Sometimes, our writing team—myself included—like to tease what we are thinking about a game before a big reveal in the closing paragraphs that celebrates the magic of the review process.
Not today. Rainforest is just good, plain, easy-to-learn yet difficult-to-master family fun that can be set up, played, and cleared from the table in about 30 minutes. That means it’s been fun for all four members of my family, and even when the team at Funnyfox showed me Rainforest during a meeting at SPIEL ‘22, I knew I was going to like it. My kids keep asking to play it, my wife—a woman who can be very difficult to impress—really liked her plays, and I just adore how simple this is to teach to a stranger while crunching over the puzzle of how to score the most points.
Why can’t more games just be simple fun?
It’s a Jungle Out There
Rainforest takes place in the jungle. Well, with a board, tiles, and a totem animal. On your kitchen table. Otherwise, in the jungle.

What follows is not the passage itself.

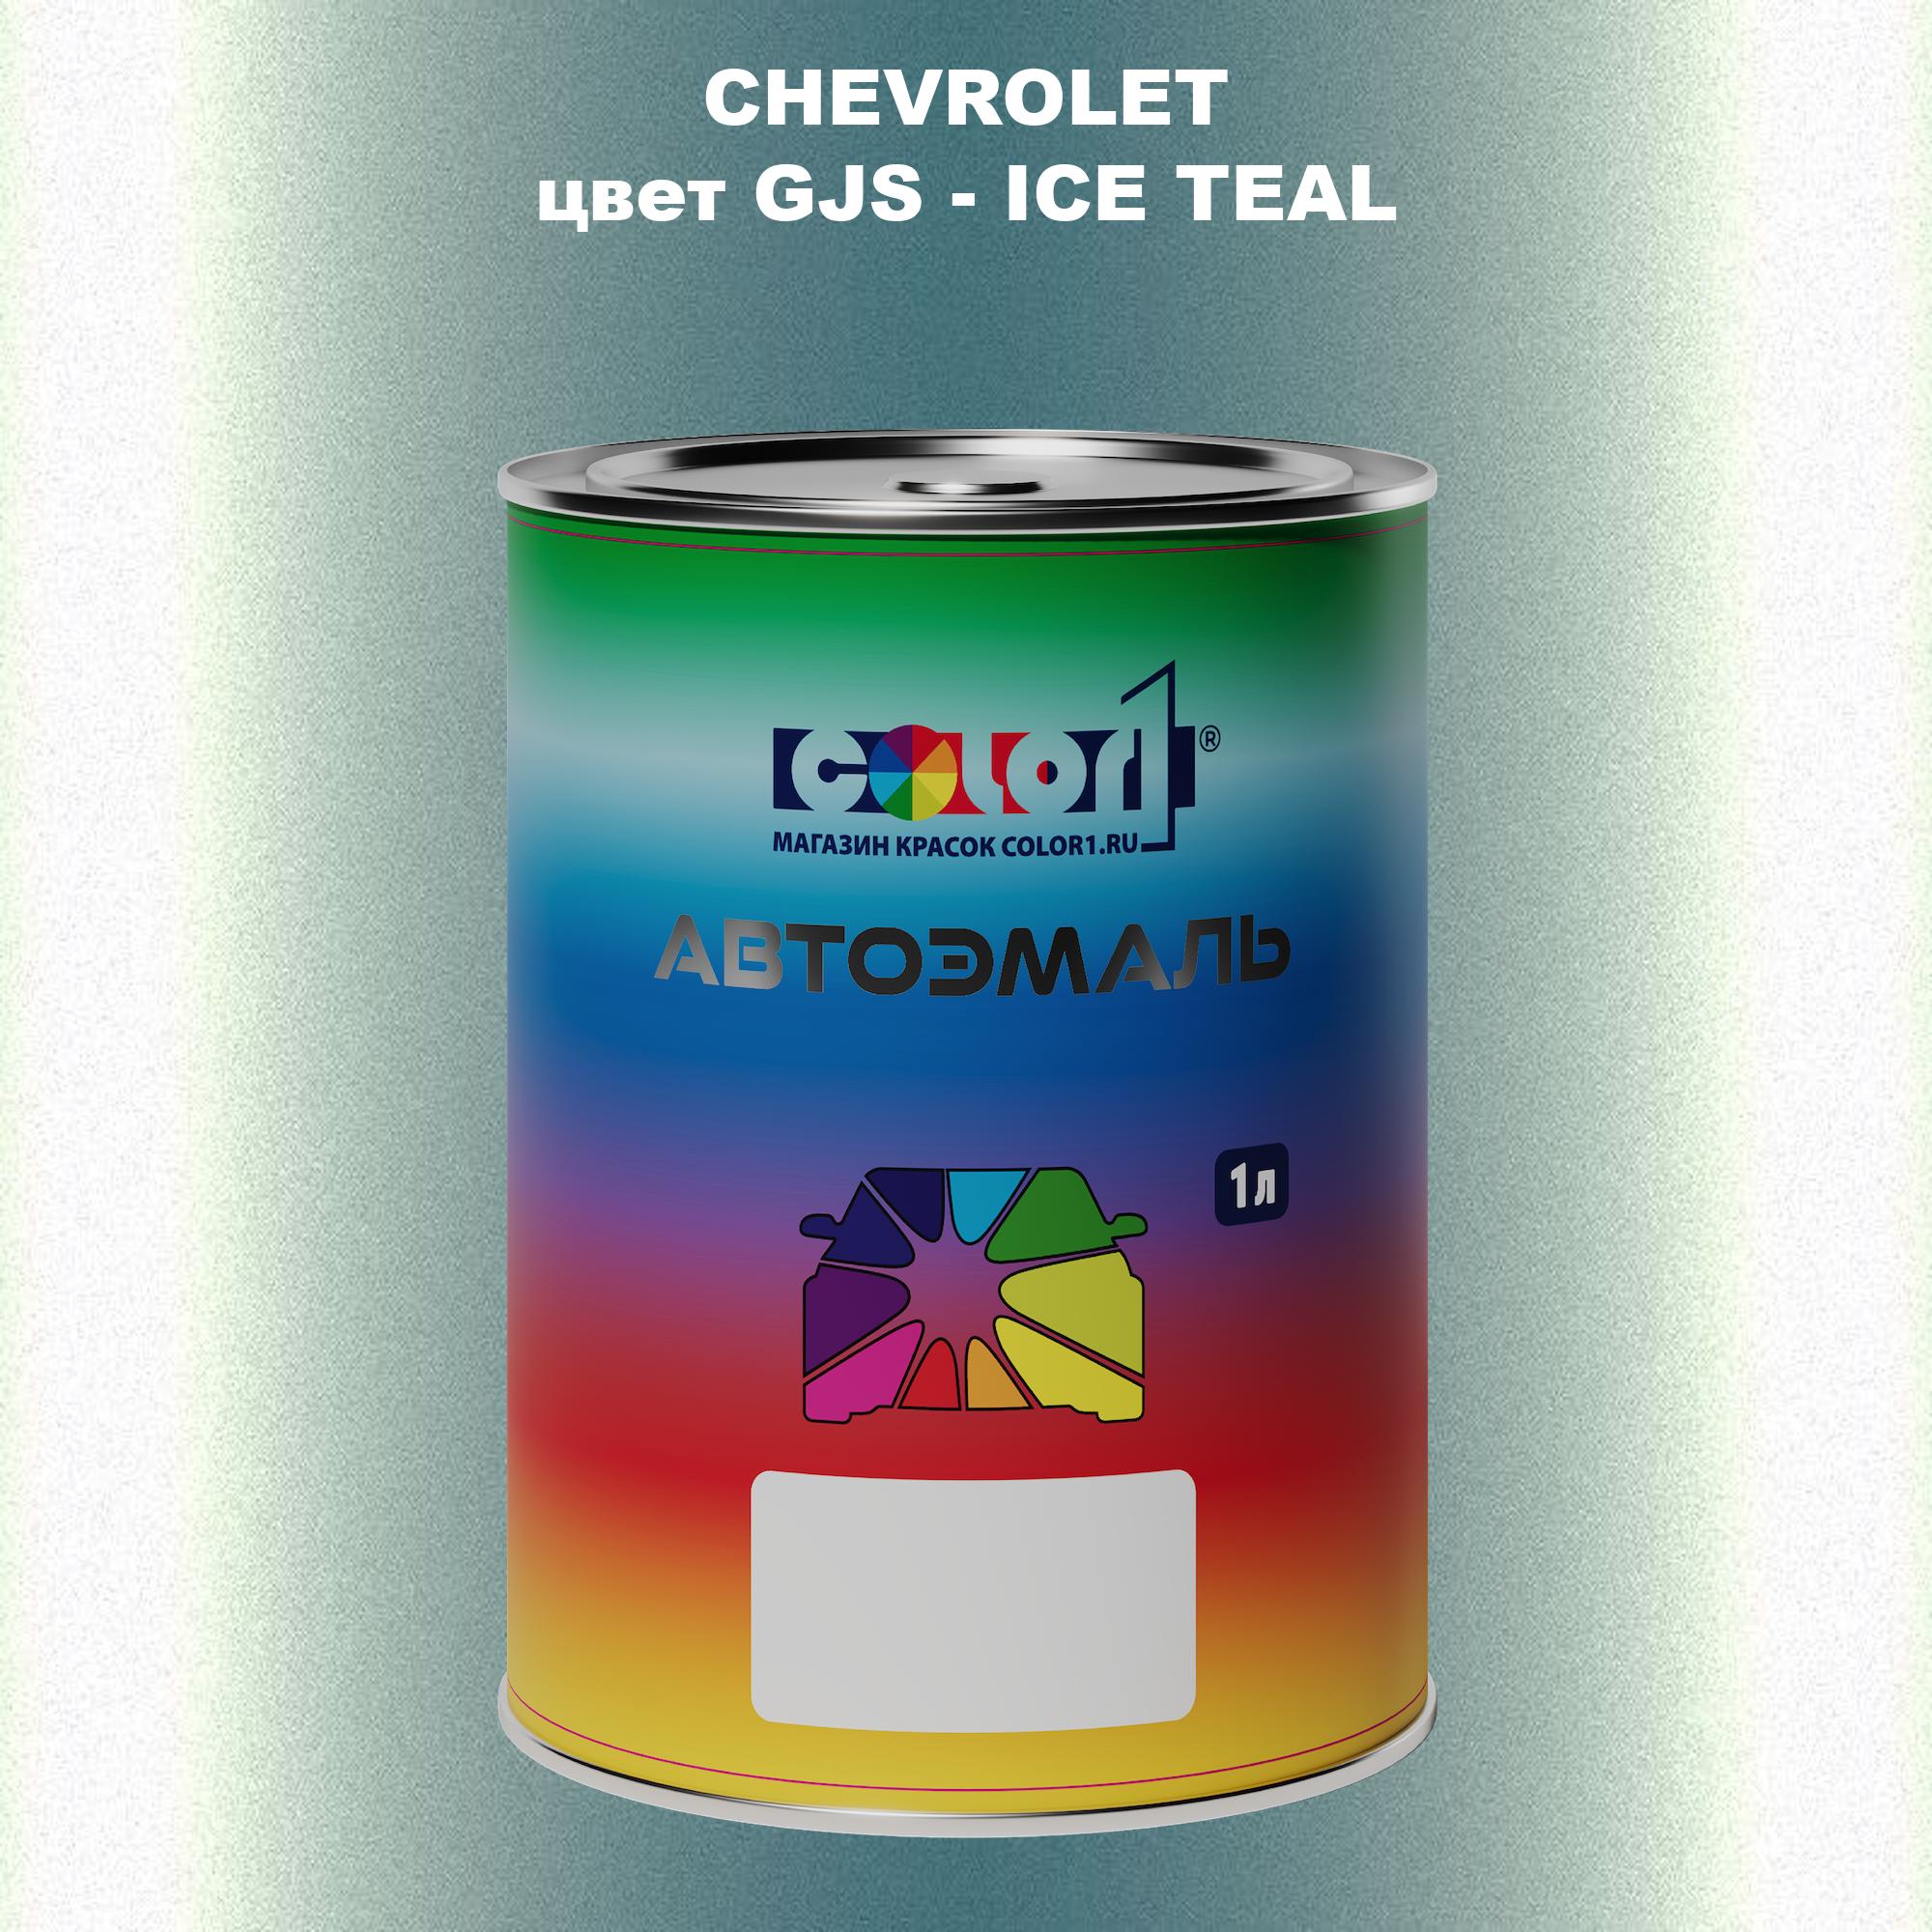 Автомобильная краска COLOR1 для CHEVROLET, цвет GJS - ICE TEAL

In front of you, options are limited. You’ll be asked to take one of five available tiles, with spots on your player board ready to accept circular wooden discs in one of five colors and four different animal types. First, you must place the tile below your player board—there’s room for three—then, you’ll take at least one of the circular discs from the tile’s space to add to your queue.
You can take either all of one color of the discs in that area, or all of one animal type. Then, you can place the discs on your tiles. If any tile’s disc spots are now full, move the tile into your 3×3 grid above your player board.
And that’s it. Each player scores more points for the totem animal listed on their player board, driving them towards grabbing, say, more monkeys or parrots versus that frog disc you are hunting for. Bonus tiles are available that trigger bonuses if you can orthogonally connect tiles of a certain color in your 3×3 grid, and you can score a diversity bonus if you add a tile of each of the five colors to your tableau; that diversity bonus scores more points the earlier it is earned.
When someone builds their ninth tile, that triggers the final round, and all players get equal turns.
Kids love it. Wives love it. Friends love it. I love it.
You could teach this to your grandparents. I taught it to my newly-minted six-year-old. Gamers will like the puzzle. Non-gamers will like the parrots. Everyone will love that Rainforest doesn’t overstay its welcome. Rainforest just works.
It’s not the sexiest production. The animals are fine, but not special; the player boards do just enough, nothing more. Rainforest has a rulebook that is probably double the length it needs to be. I don’t think the game has long legs, so I could see this hitting the table five, maybe six times, but it’s hard to imagine it becoming a staple in the Bell household.
All good. Rainforest is in that sweet spot of a gift for gamers of the now (at least, for our European readers, since this one won’t be coming to the US). You can send this to a friend, they’ll play it a few times, then move it on to another friend. They’ll thank you for your gaming recommendations, then you’ll send me a note thanking me, then I’ll thank the publisher. It’s the circle of life, friends! Now get to the jungle!